И Марсия тоже вышла из комнаты.
Несколько дней спустя Гай Юлий Цезарь написал письмо своему зятю:
Итак, с нашим злополучным семейственным делом наконец покончено. Хотелось бы мне сказать, что Юлилла получила хороший урок, но я очень сомневаюсь. Пройдут годы, и ты, Гай Марий, тоже испытаешь все эти пытки и столкнешься с дилеммами отцовства. Если бы я мог утешить тебя, сказав, что ты учтешь мои ошибки!.. Но тебе это не удастся. Все дети разные, и их родители не похожи друг на друга. Где мы ошиблись с Юлиллой? Честно сказать, я не знаю. Я даже не знаю, ошибались ли мы вообще. Может быть, порок ее врожденный? Мне очень больно, и бедной Марсии тоже. Она отвергает все попытки Юлиллы вновь подружиться с нею. Ребенок ужасно страдает. Я спрашиваю себя: следует ли нам сейчас сохранять расстояние между нами? И я решил, что следует. Любить-то мы ее любили, а вот к дисциплине не приучали. Чтобы из нее вышло что-то хорошее, она должна пострадать.
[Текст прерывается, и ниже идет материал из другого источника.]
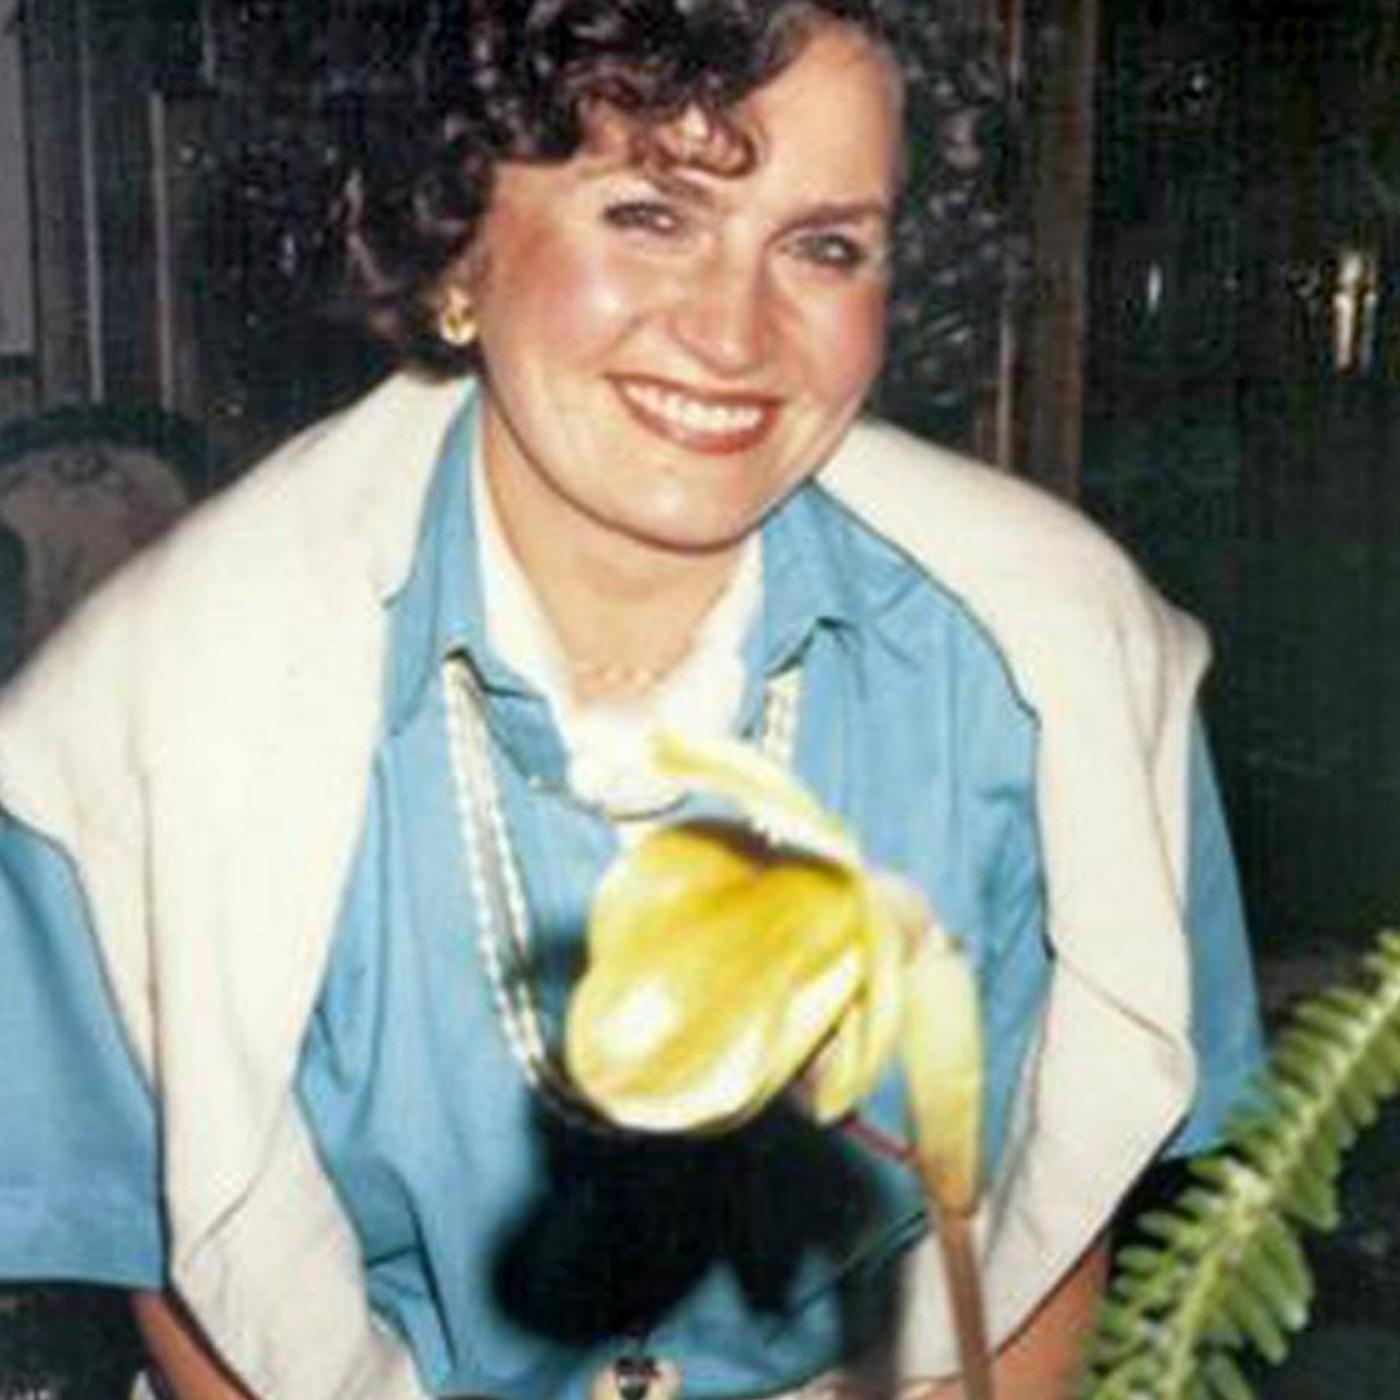 Brigitte Scholl | Burgemeester van Ludwigsfelde (DE)

Справедливость заставила меня разыскать нашего соседа Луция Корнелия Суллу и принести пока общее наше извинение, а потом, когда Юлилла будет выглядеть получше, она лично извинится перед ним. Хотя он не хотел этого, я настоял, чтобы он вернул все письма Юлиллы. Я заставил Юлиллу сжечь их, но только после того, как она прочла каждое письмо мне и матери. Как ужасно быть жестоким со своей собственной кровью и плотью! Но я очень боюсь, что только самый язвящий урок может запасть в эгоистичное сердечко Юлиллы.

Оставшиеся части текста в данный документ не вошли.